Shame. Incredibly underwhelming first introduction.

22 frets?
No 7 strings? 
No multiscale?

Pass


----------



## Dyster (Dec 18, 2019)

lewis said:


> Shame. Incredibly underwhelming first introduction.
> 
> 22 frets?
> No 7 strings?
> ...



yeah gotta agree with you here


----------



## I play music (Dec 18, 2019)

lewis said:


> Shame. Incredibly underwhelming first introduction.
> 
> 22 frets?
> No 7 strings?
> ...


I prefer if they start simple, then add a string, then try multiscale ... over them doing everything at once without the quality being there. Just don't buy until they offer more or less what you want. Otherwise I would already own a fusion. But I don't. Because no 7 string. 
But 22 frets really is a weird choice, I also think that.


----------



## Dyster (Dec 18, 2019)

i dont like the fact that currently the only HB fanfrets in 7 and 8 seem to be the shitty 100-120 euro guitars


----------



## manu80 (Dec 18, 2019)

Had one in fan fret.
Made in vietnam iirc
Honestly for the price it was really really good
Nice fretwork, good finish, stayed in tune...humbucker were meh but that's the case on even more expensive guitars
Kept it two weeks bit didnt see the point of the fan fret for me but they’re definitely surprising in terms of quality/price


----------



## Dyster (Dec 18, 2019)

yea i snagged one of the telly 7 fanfrets in matte while they where still avaliable, really glad i didnt wait

i put fishmans in mine


----------



## diagrammatiks (Dec 18, 2019)

Randy said:


> Yeah, I recently sourced some for a build because literally none of my usual sources (Hipshot, Schaller) had anything in stock for months on end and I didn't see any reason throwing big money at some other guy building his stuff in the far East with no visible, tangible difference. Decent quality stuff.

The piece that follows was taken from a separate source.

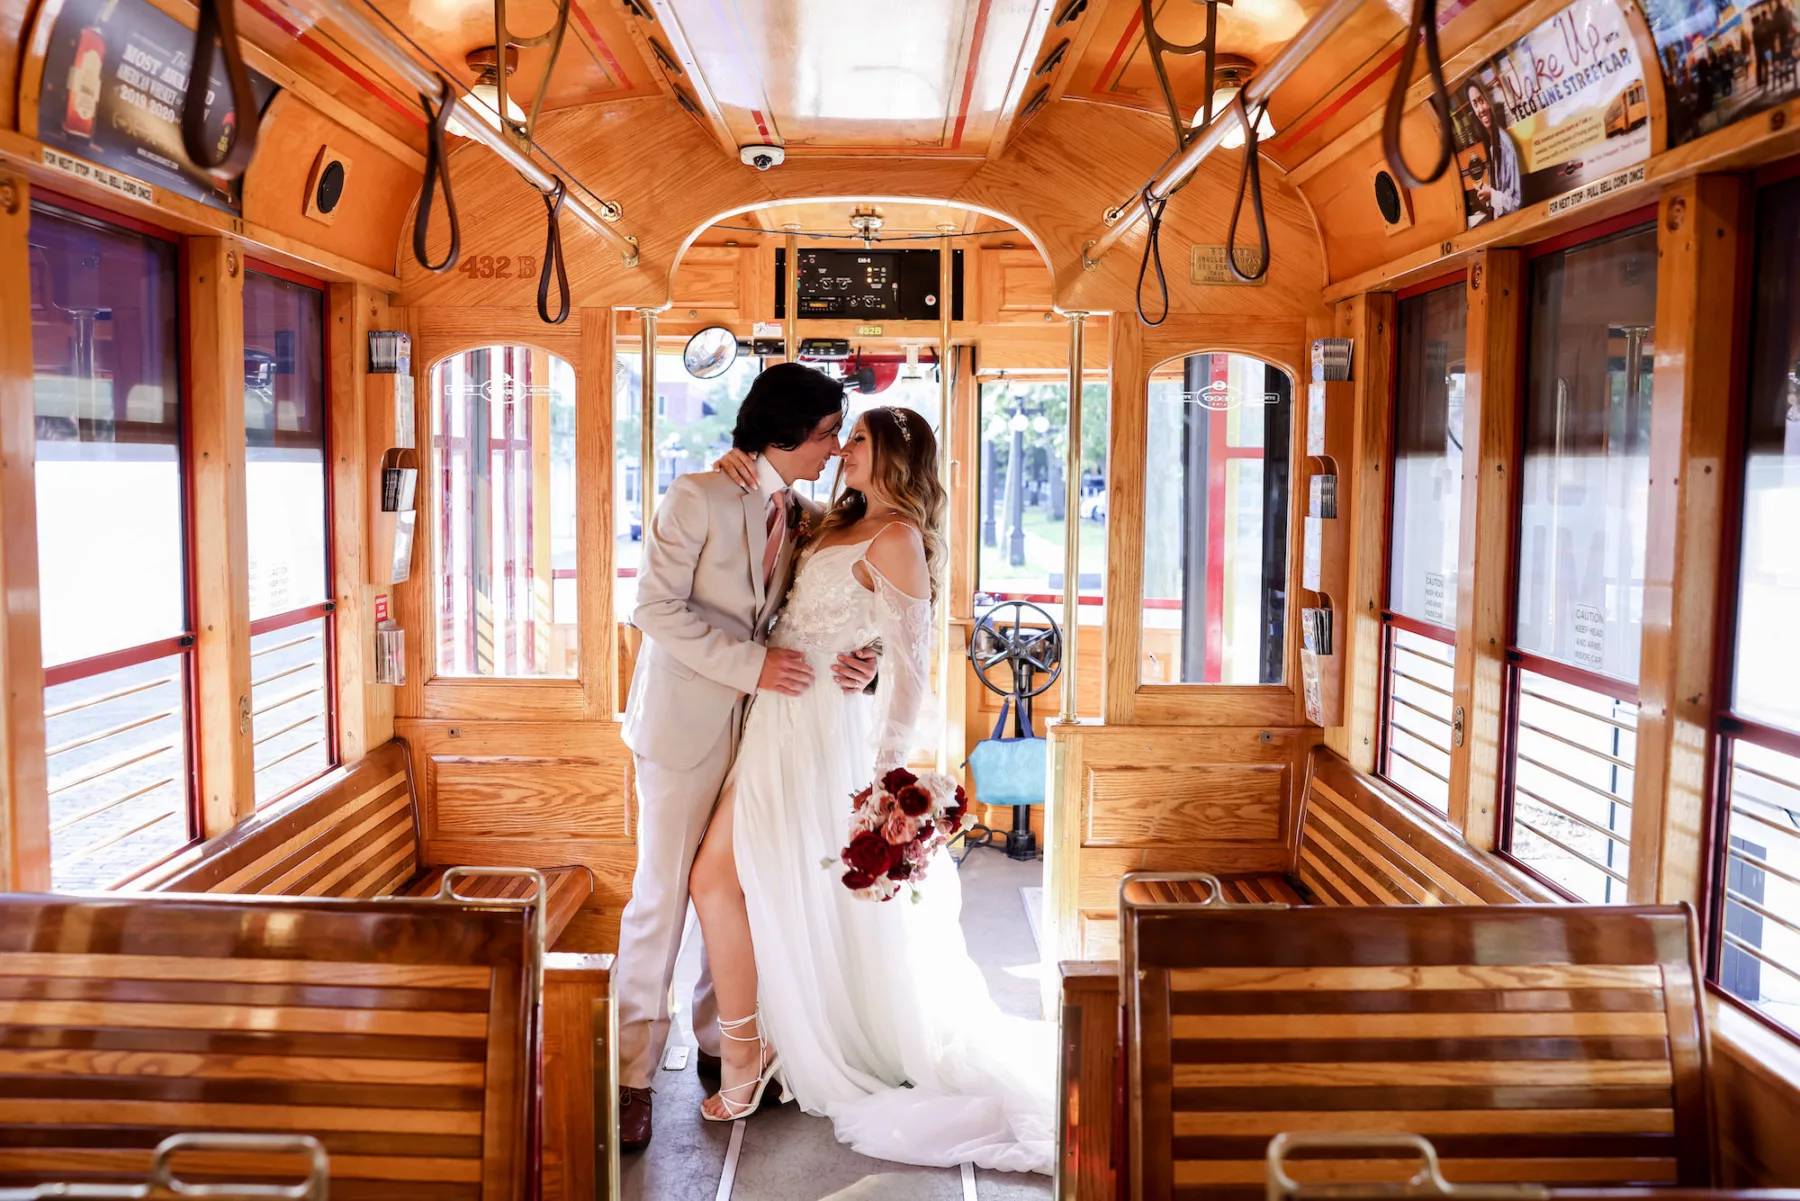 Bride and Groom Trolley Ride Transportation Ideas | Tampa Bay Photographer Llifelong Photography Studio

How much were the bridges individually?
The tengda stuff is like 35 bucks a piece. Even at oem pricing it seems iffy that their using the set for these. 

There's clone versions for like 15 bucks each.


----------



## Randy (Dec 18, 2019)

diagrammatiks said:


> How much were the bridges individually?
> The tengda stuff is like 35 bucks a piece. Even at oem pricing it seems iffy that their using the set for these.
> 
> There's clone versions for like 15 bucks each.



I bought the clones in the $15ish range. I forget what I was quoted on the "name brand" ones like Tengda since it was a while ago and I contacted so many, but it was always in the high $200s to $300 a set and unless it's made in US or Germany, I'm not paying anywhere close to that.


----------



## KnightBrolaire (Dec 18, 2019)

Randy said:


> I bought the clones in the $15ish range. I forget what I was quoted on the "name brand" ones like Tengda since it was a while ago and I contacted so many, but it was always in the high $200s to $300 a set and unless it's made in US or Germany, I'm not paying anywhere close to that.


last time I bought tengda I think it ran me like 150$ for an 8 string set. Quality is solid, but not close to hipshot or T4M level ime.


----------



## Randy (Dec 18, 2019)

KnightBrolaire said:


> last time I bought tengda I think it ran me like 150$ for an 8 string set. Quality is solid, but not close to hipshot or T4M level ime.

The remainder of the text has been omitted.